--- PROVIDED ENTRIES Enclosed Below ---

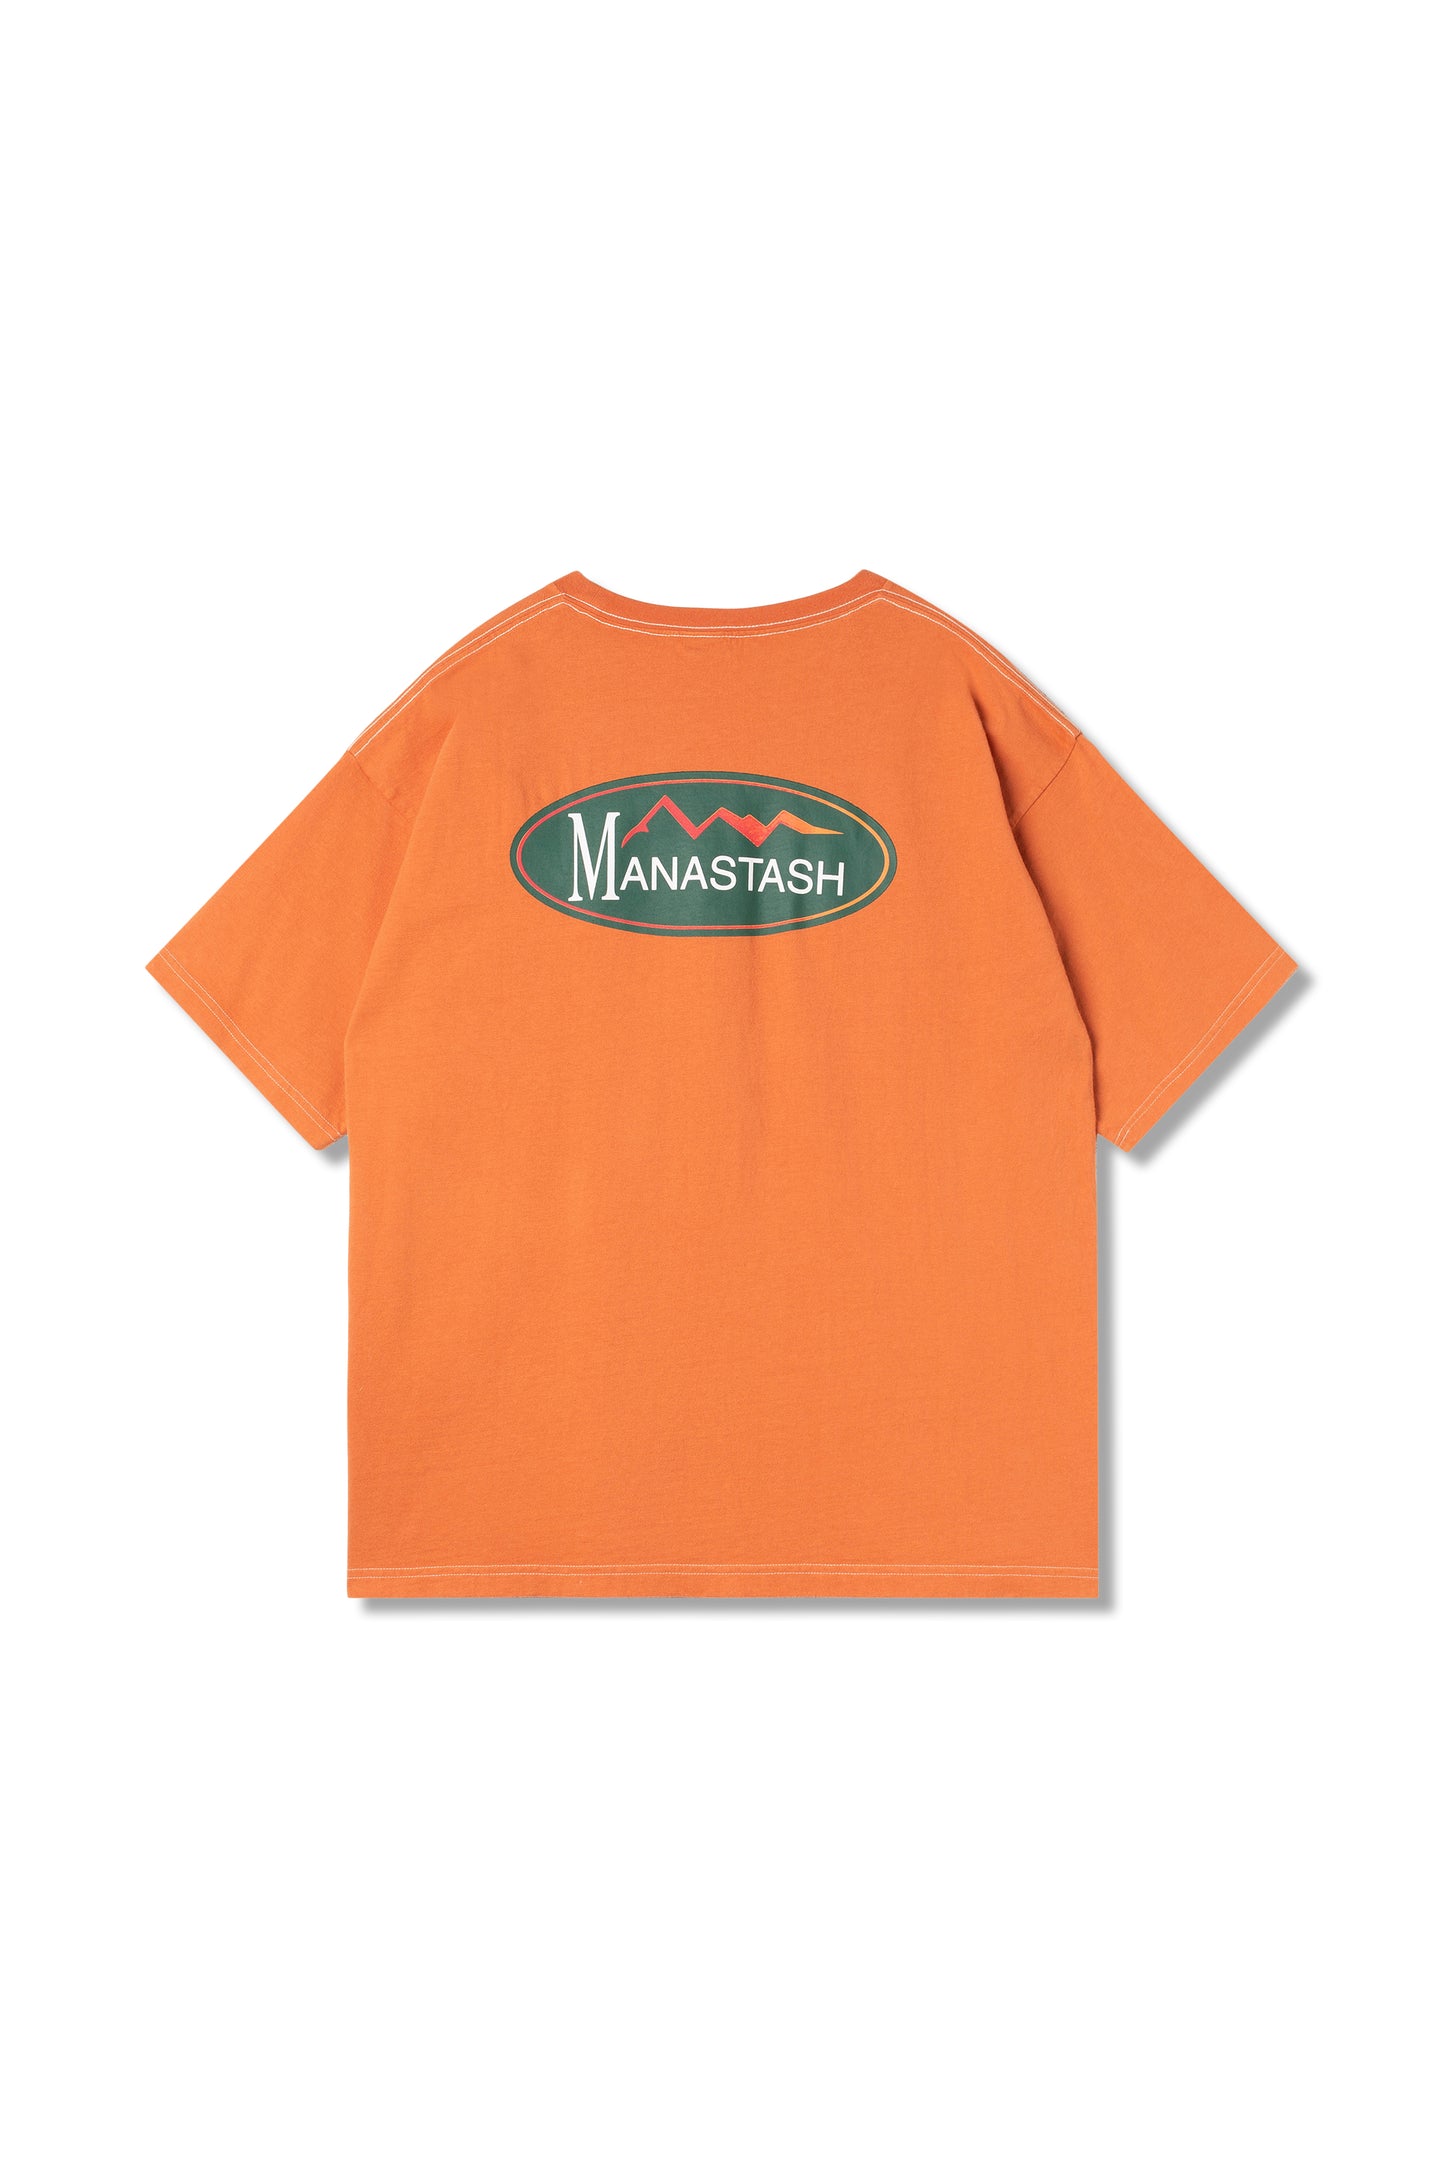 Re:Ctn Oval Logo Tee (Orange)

--- End of Enclosed PROVIDED ENTRIES ---
--- PROVIDED ENTRIES Enclosed Below ---

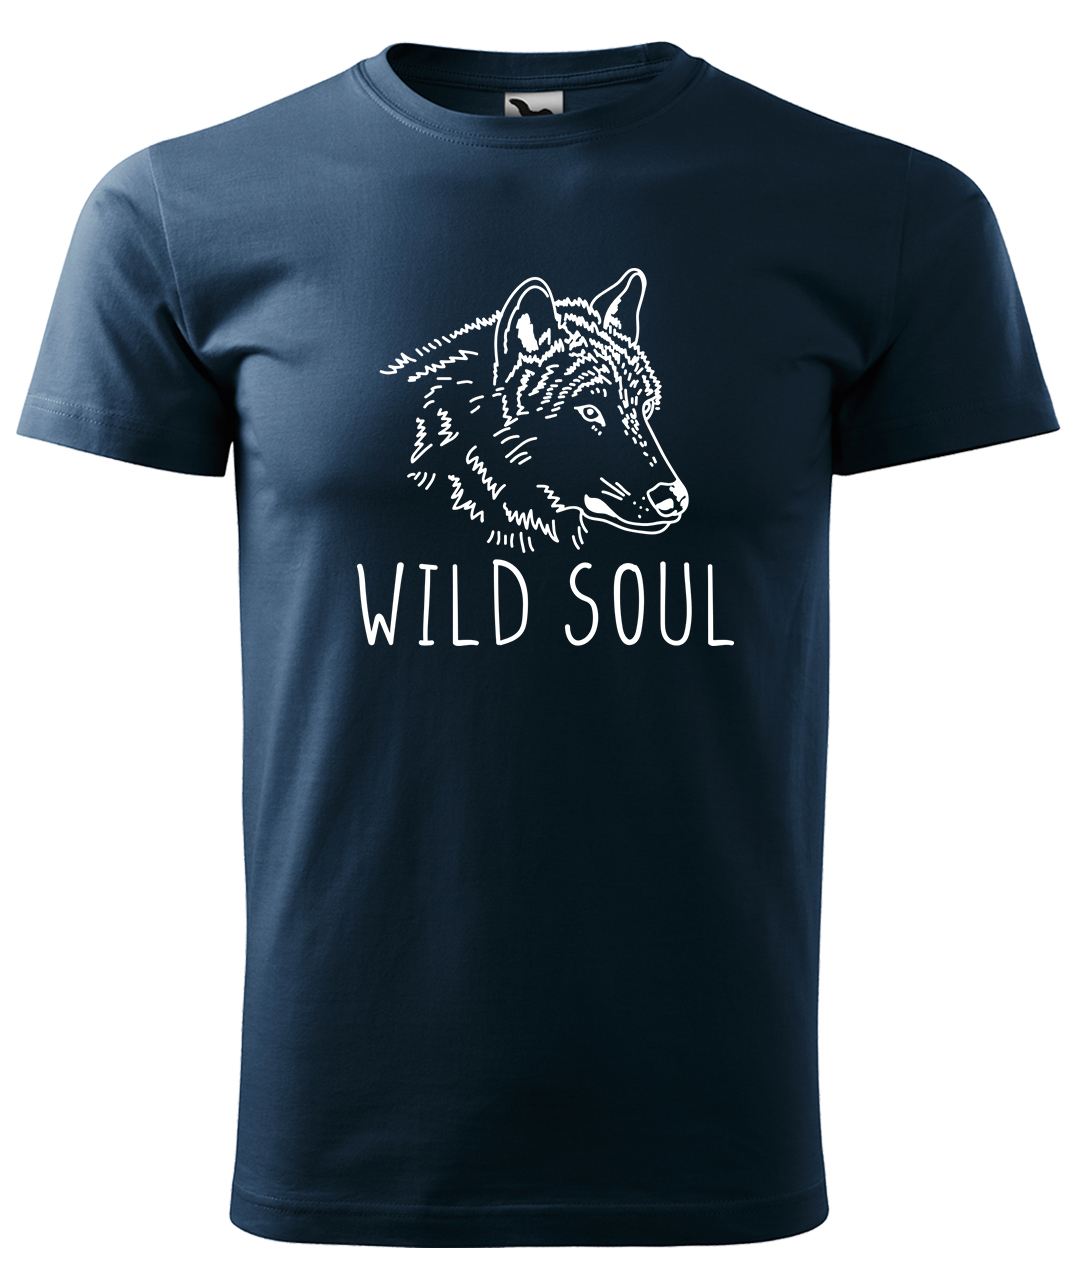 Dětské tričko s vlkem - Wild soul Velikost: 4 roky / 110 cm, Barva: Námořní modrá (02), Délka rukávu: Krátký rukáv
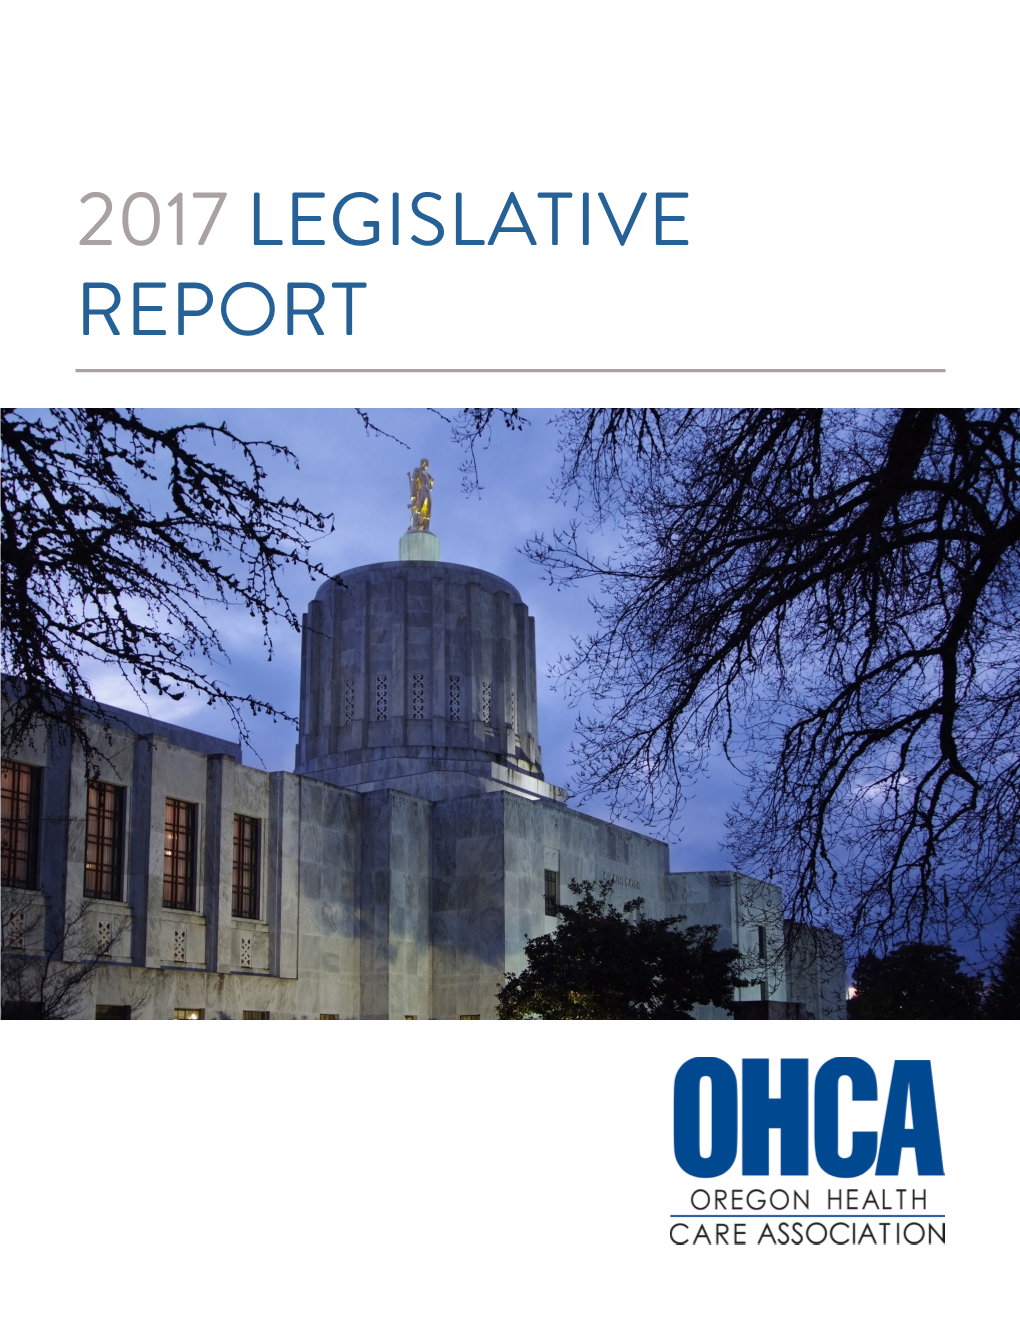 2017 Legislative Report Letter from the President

--- End of Enclosed PROVIDED ENTRIES ---

WHAT YOU HAVE TO DO:
Starting at the line containing "Dětské tričko s" and stopping at the line containing "2017 Legislative Report", output every line above exactly, both ends included, with pictures omitted.

EXERCISE ANSWER:
 Dětské tričko s vlkem - Wild soul Velikost: 4 roky / 110 cm, Barva: Námořní modrá (02), Délka rukávu: Krátký rukáv
 2017 Legislative Report Letter from the President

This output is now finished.